2. The apparatus of claim 1 further comprising a second translation mechanism to perform memory address translations for I/O DMA transactions via at least one of single-level page tables and multi-level page tables.
3. The apparatus of claim 1 wherein the first translation mechanism includes an address window pointer table (AWPTR) to perform the address window-based translations.
4. The apparatus of claim 3 wherein the AWPTR comprises at least one entry including a base address of an address window page table (AWPT) for at least one address window (AW).
5. The apparatus of claim 4 wherein each AWPTR entry is tagged with a device ID indicating an I/O device to which an associated AW is allocated.
6. The apparatus of claim 5 wherein the device ID further includes information indicating at least one of a bus, a device, and a function within the device.
7. The apparatus of claim 4 wherein each AWPT entry provides a translation for a 4 KB slot within the AW.
8. The apparatus of claim 4 wherein each AWPT entry includes access control bits specifying if read accesses or write accesses are allowed to a device-physical address used to access the AWPT entry.
9. A method comprising:
receiving a direct memory access (DMA) request at a remapping circuit from a requesting input/output (I/O) device;
determining if the DMA request is permitted to complete; and
translating a device-physical address (DPA) to a host-physical address (HPA) in memory if the access is permitted.

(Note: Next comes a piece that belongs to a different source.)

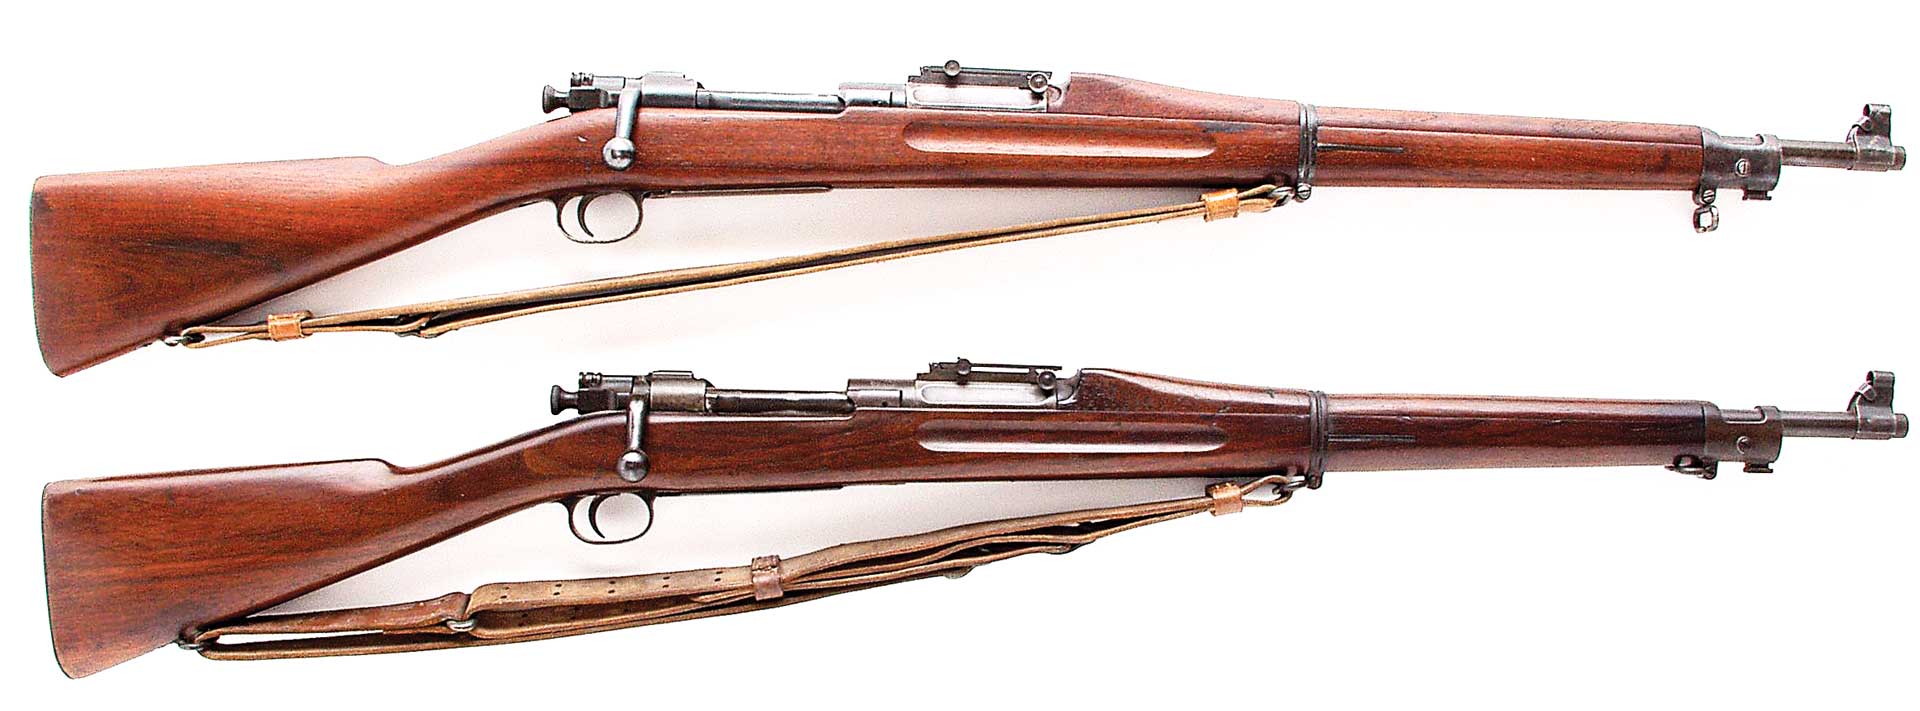 two rifle wooden metal leather strap sling gun bolt-action military surplus guns

10. The method of claim 9 wherein determining if the DMA request is permitted to complete comprises:
calculating a requested address window (AW) associated with the DPA;
determining if the requested AW is bound to the remapping circuit; and
determining if the requested AW is bound to the requesting I/O device.

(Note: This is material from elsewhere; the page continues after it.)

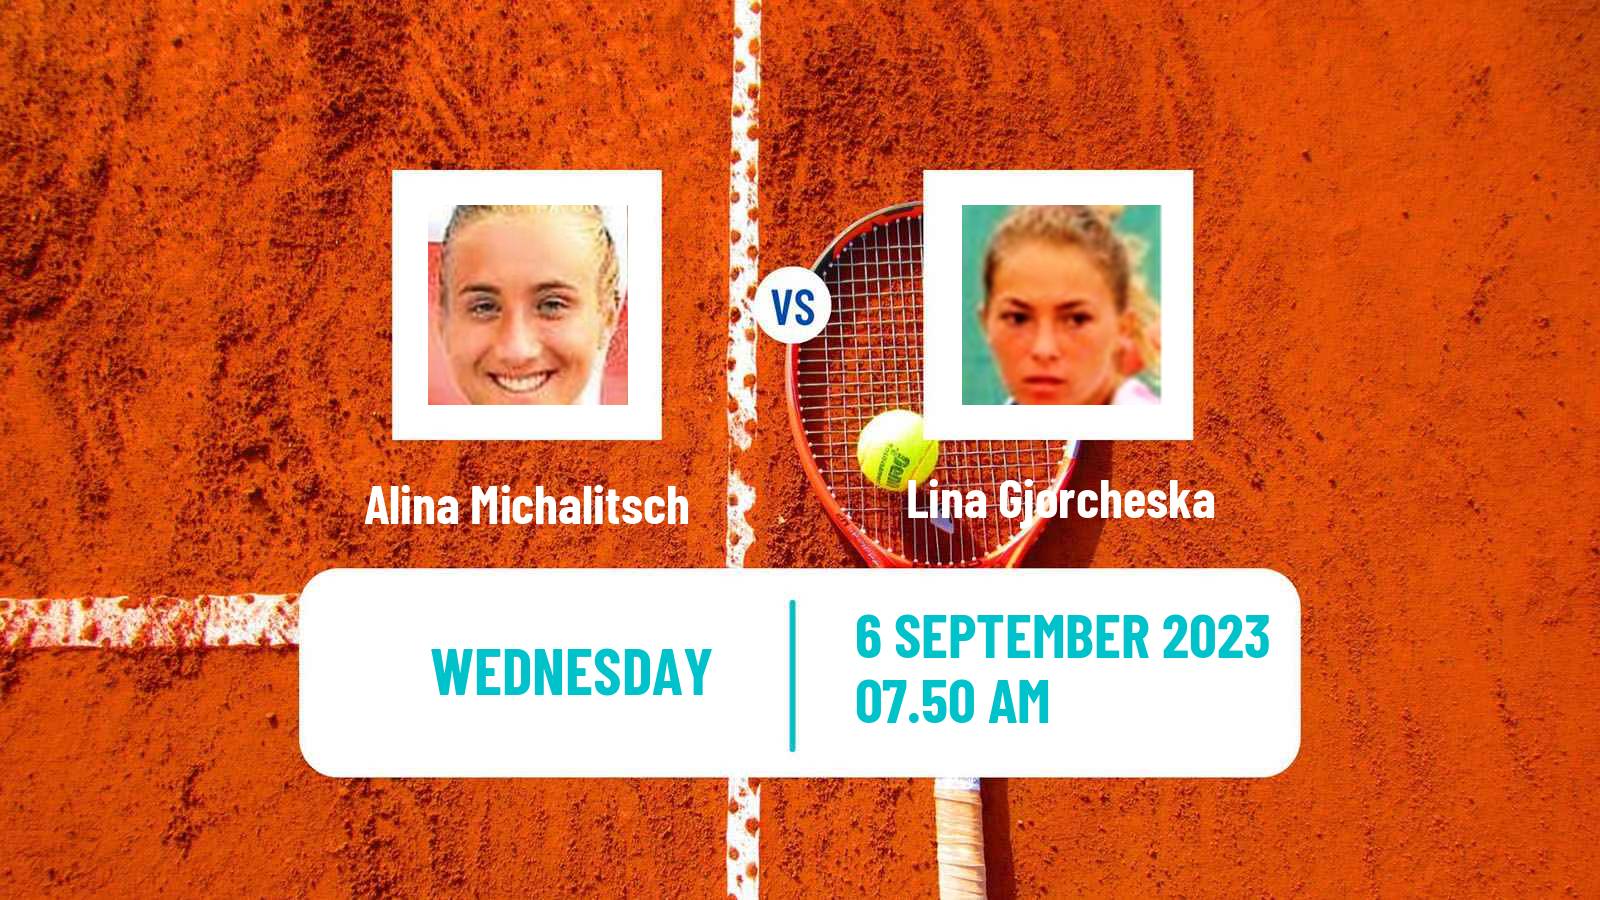 Tennis ITF W60 Vienna Women Alina Michalitsch - Lina Gjorcheska

11. The method of claim 10 wherein a translation fault occurs if it is determined that the requested AW is not bound to the requesting I/O device.
12. The method of claim 10 wherein the translation fault occurs if it is determined that the requested AW is not bound to the remapping circuit.
13. The method of claim 9 further comprising:
finding an associated AW pointer table entry index for the DPA; and
looking up the AW pointer table entry at the index.
14. The method of claim 13 further comprising determining whether the AW pointer table entry is tagged with a device ID corresponding to the requesting I/O device.
15. The method of claim 13 further comprising accessing an AW page table entry (AWPTE) in memory associated with the AW pointer table entry and the DPA.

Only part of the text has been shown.